→ Instructions for the task
Everything from the line with "1080x1920 Futuristic Orange" through the final line of the listing below must be retyped exactly, apart from the pictures.

→ Exercise data
★ ★ ★ ★ ★ ★ ★

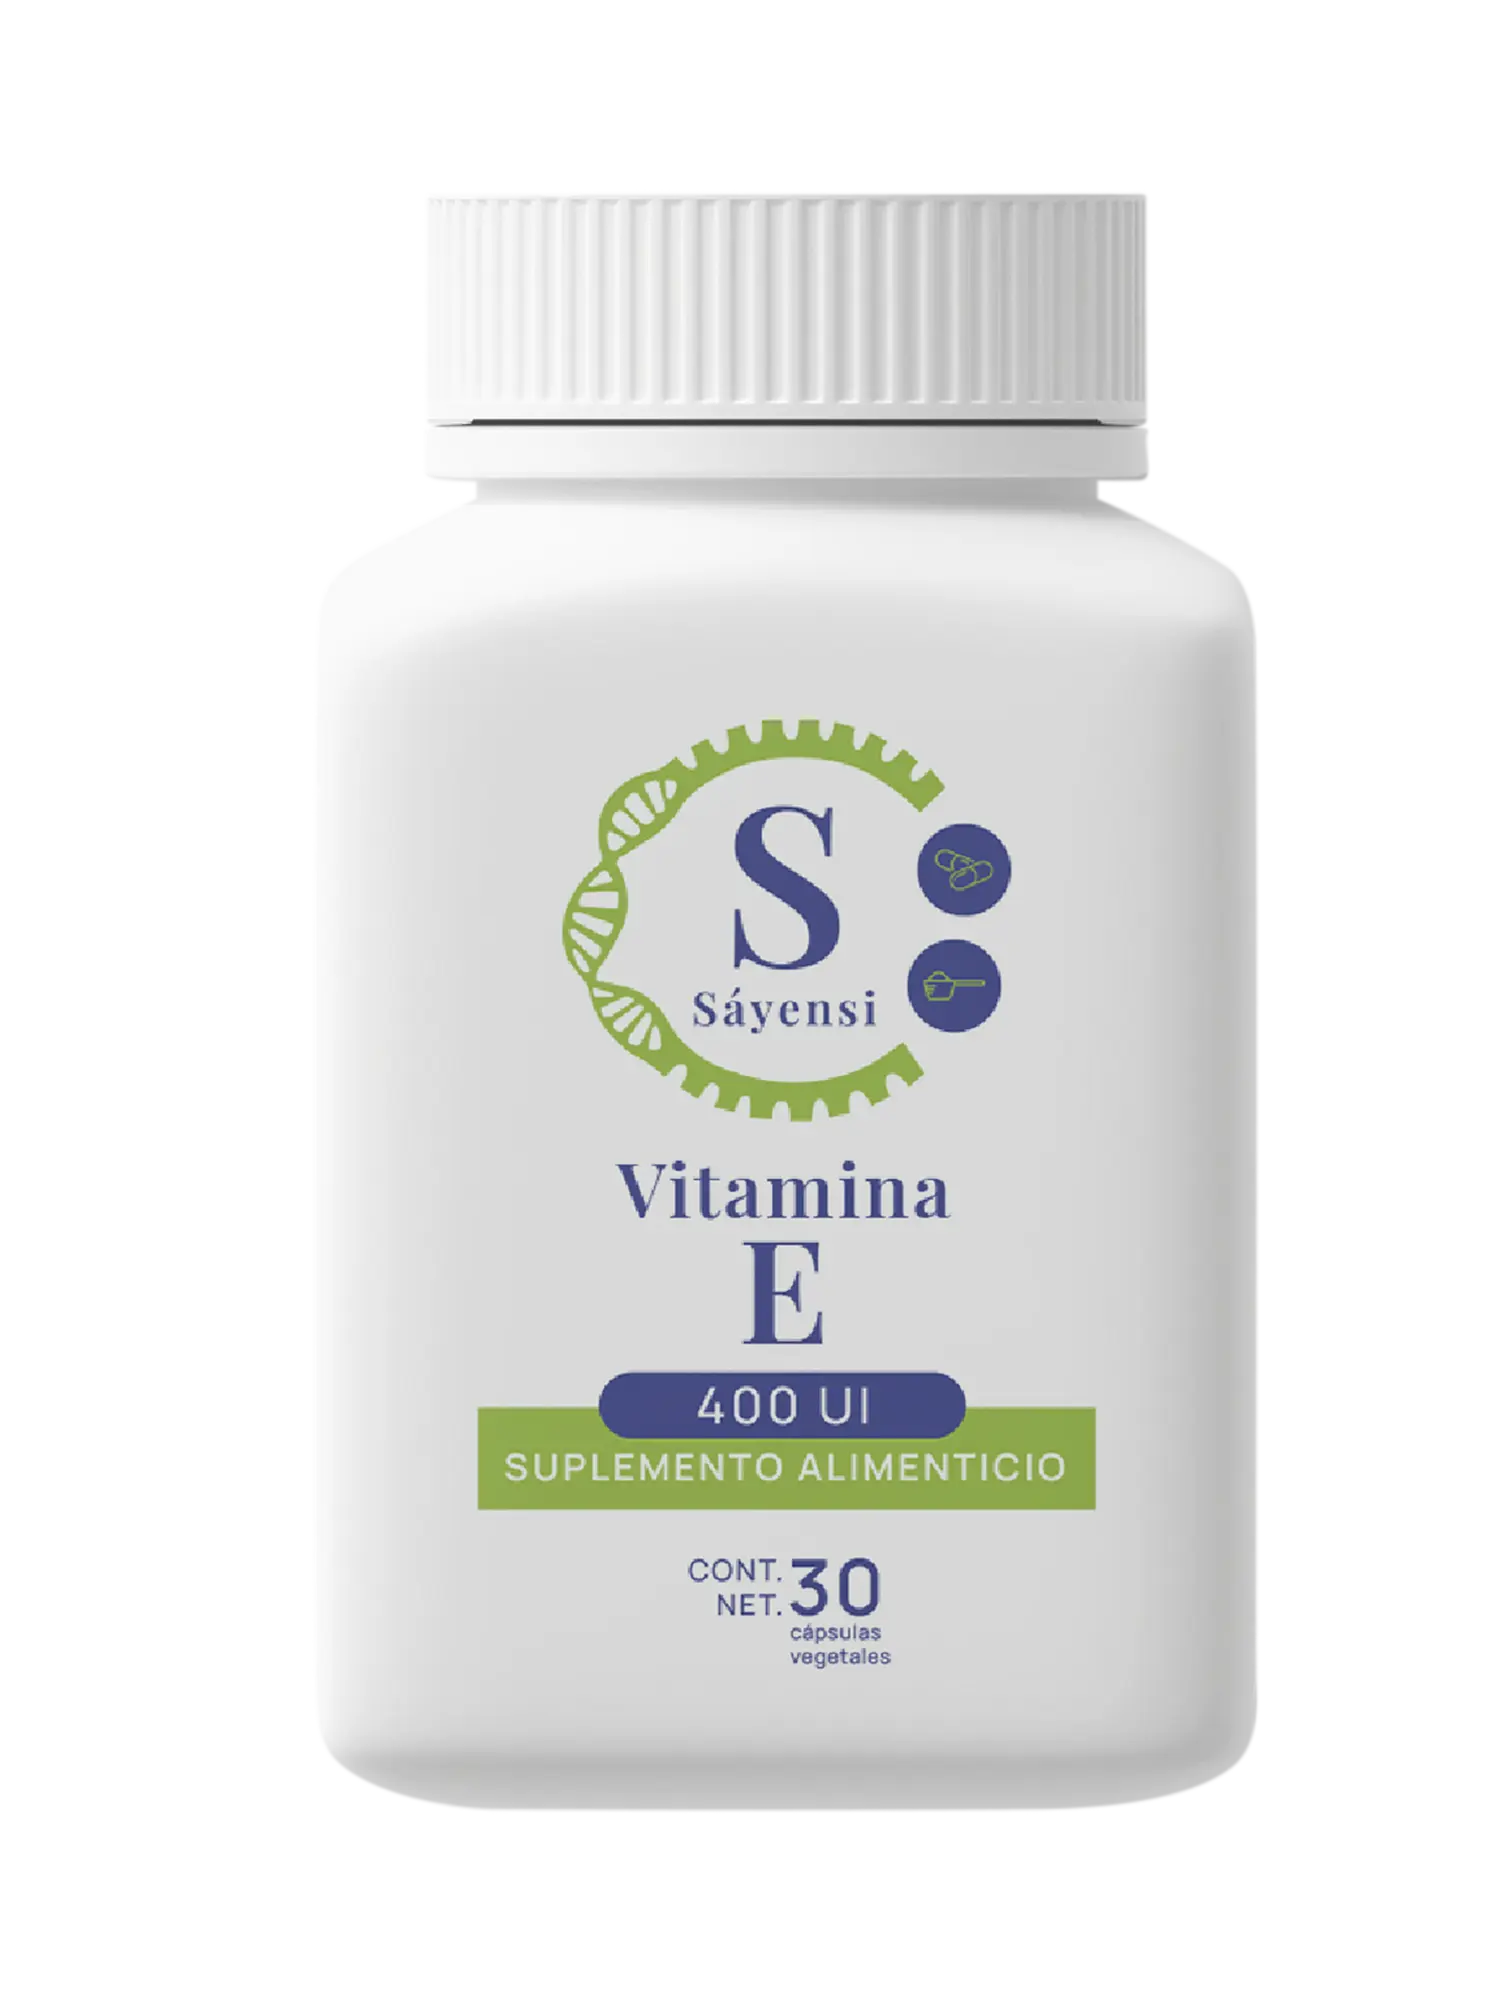 Vitamina E Sáyensi - 400 UI - PURESUPPLY
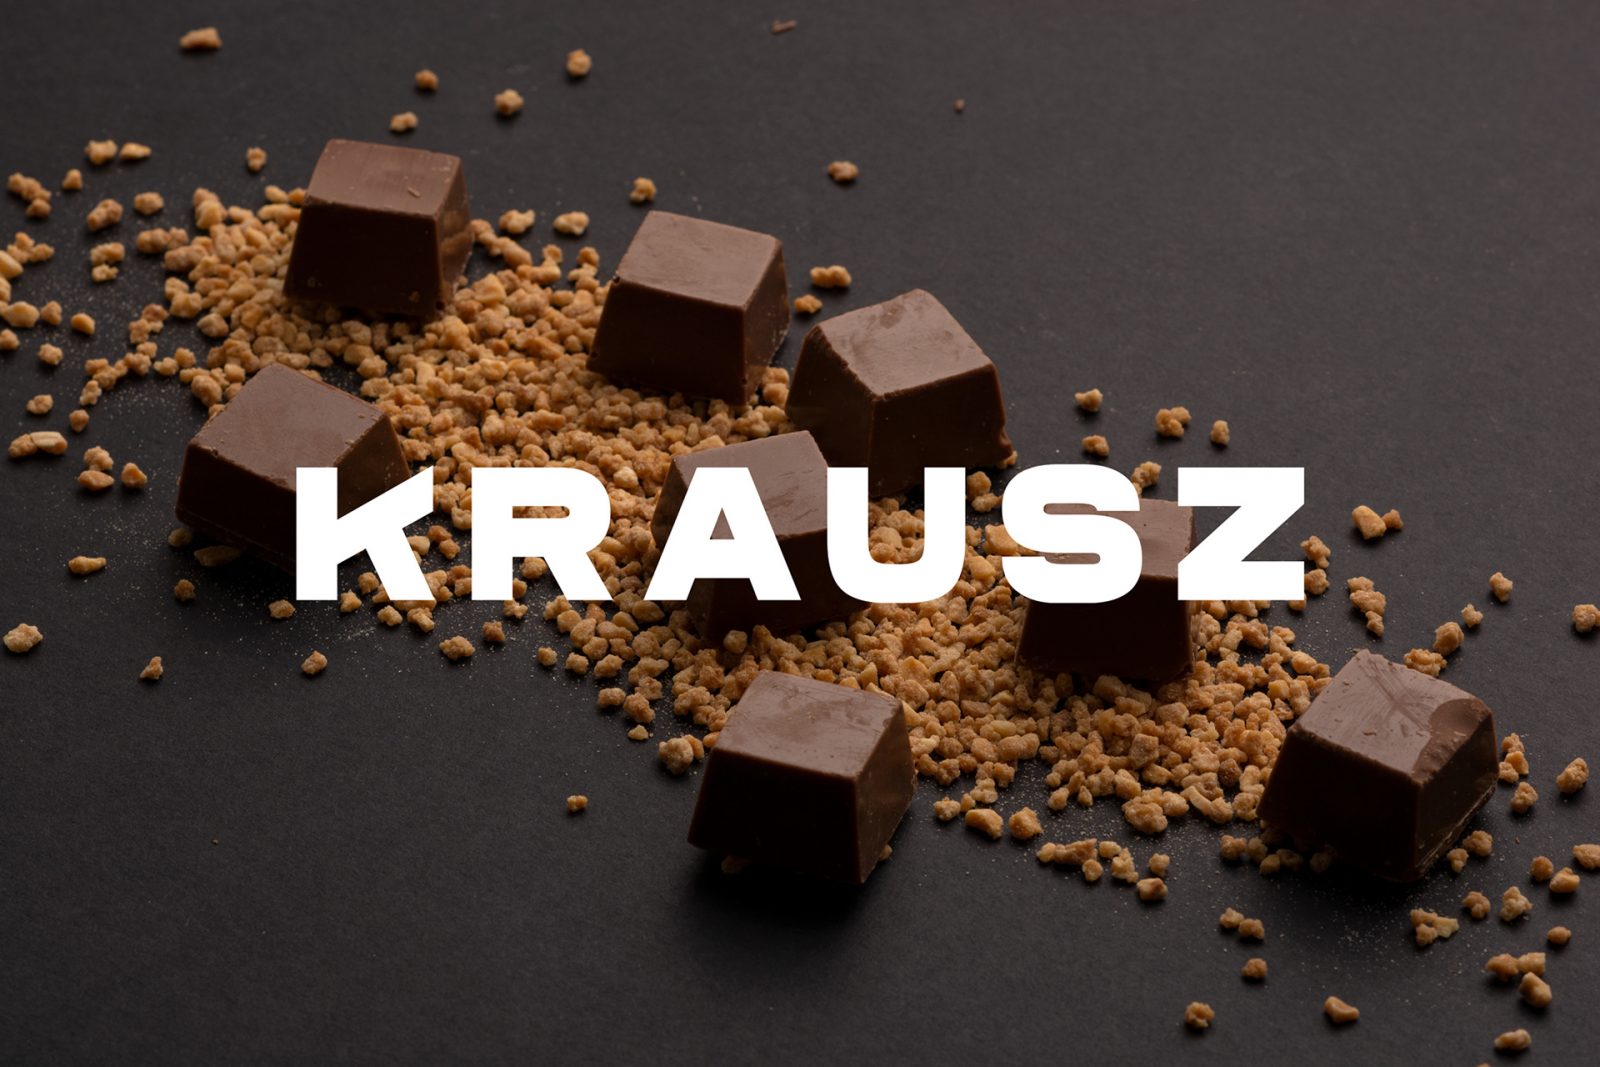 Chocolate Confectionery Krausz Packaging & Branding by Peltan-Brosz Studio
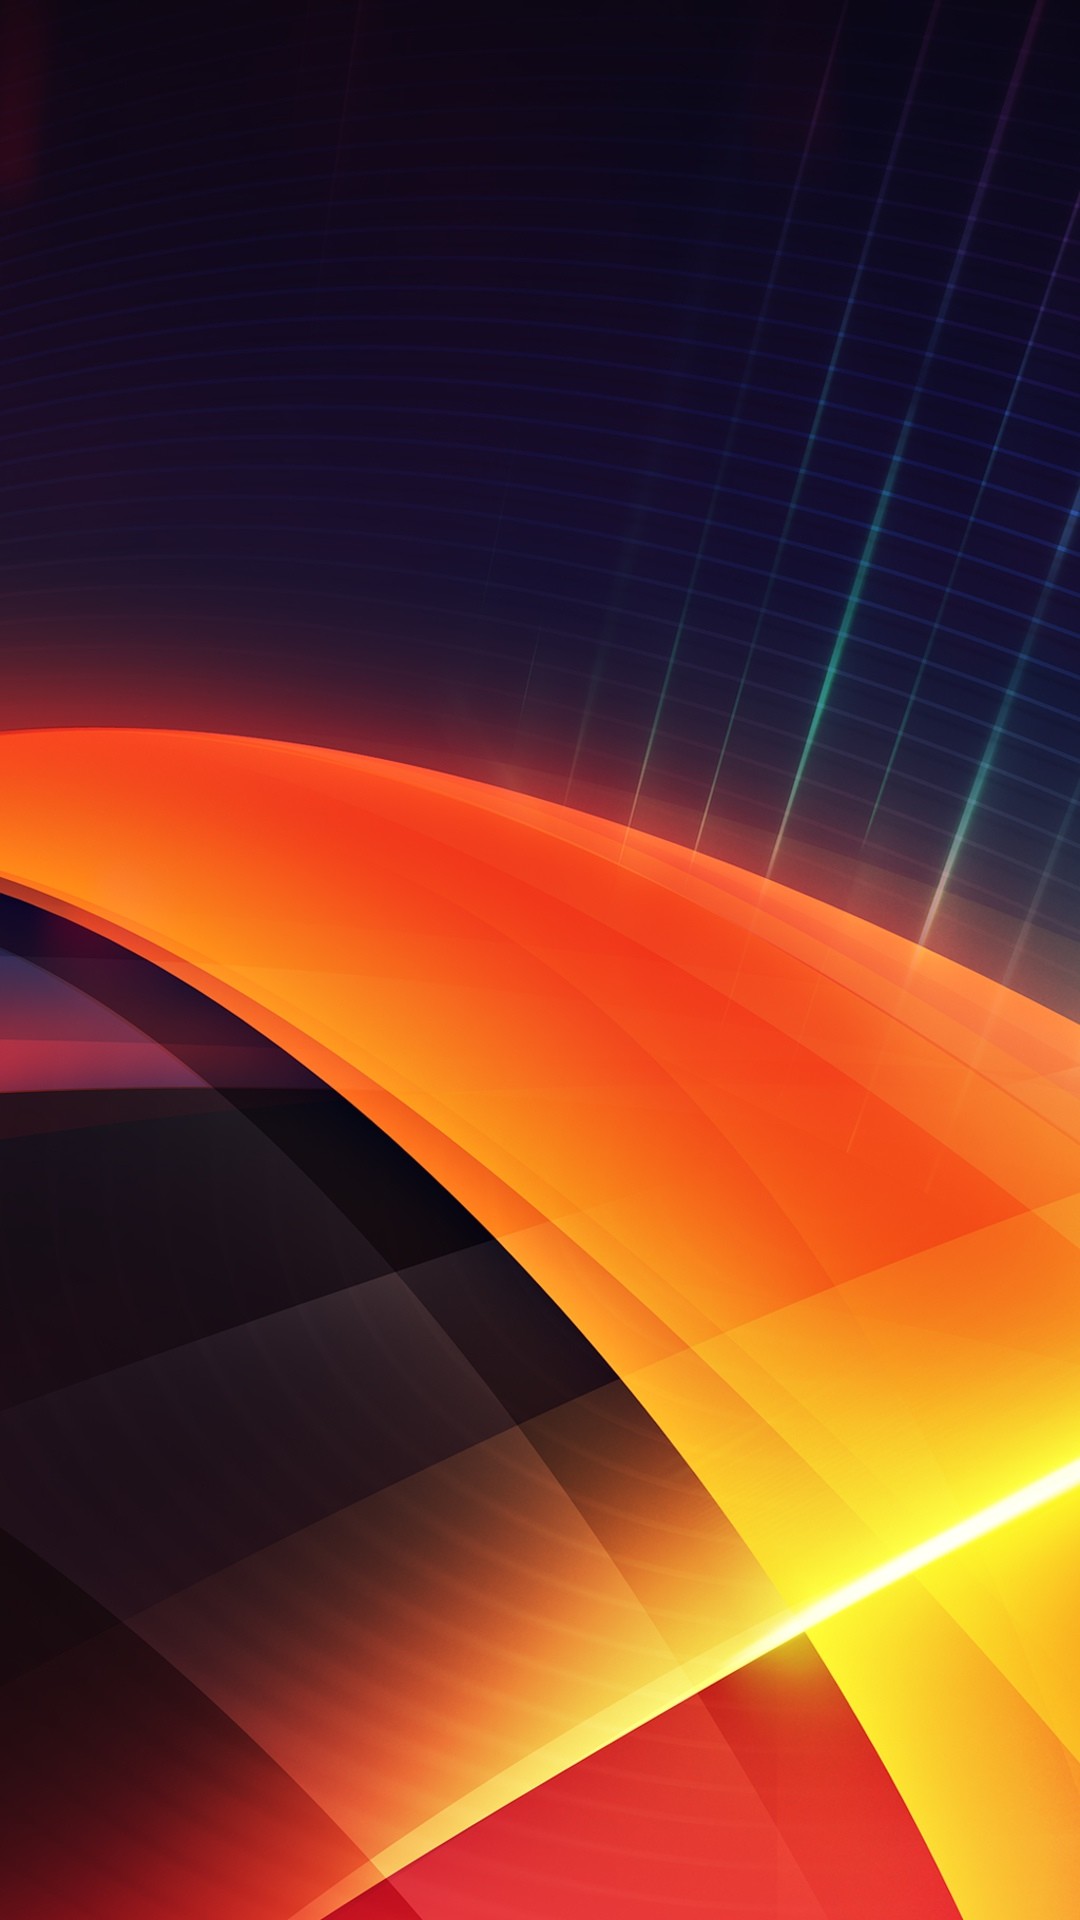 1080x1920 Futuristic Orange Layers Illustration iPhone 6 Plus HD Wallpaper
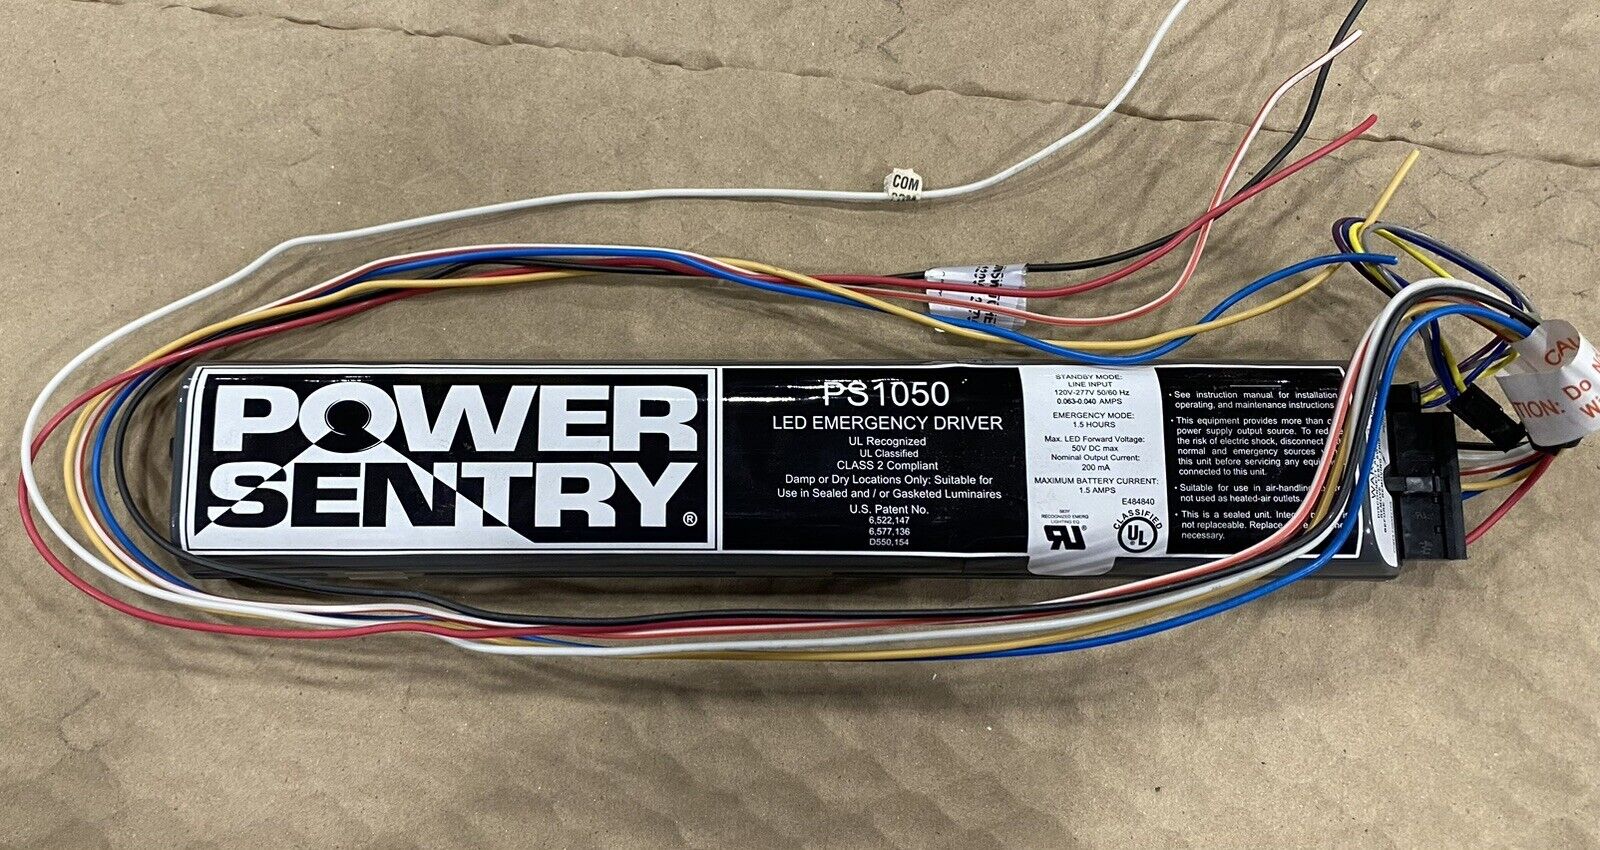 Power Sentry PS1050 LED Emergency Driver - Open Box - READ DESCRIPTION

★ ★ ★ ★ ★ ★ ★

→ Exercise output
 1080x1920 Futuristic Orange Layers Illustration iPhone 6 Plus HD Wallpaper
 Power Sentry PS1050 LED Emergency Driver - Open Box - READ DESCRIPTION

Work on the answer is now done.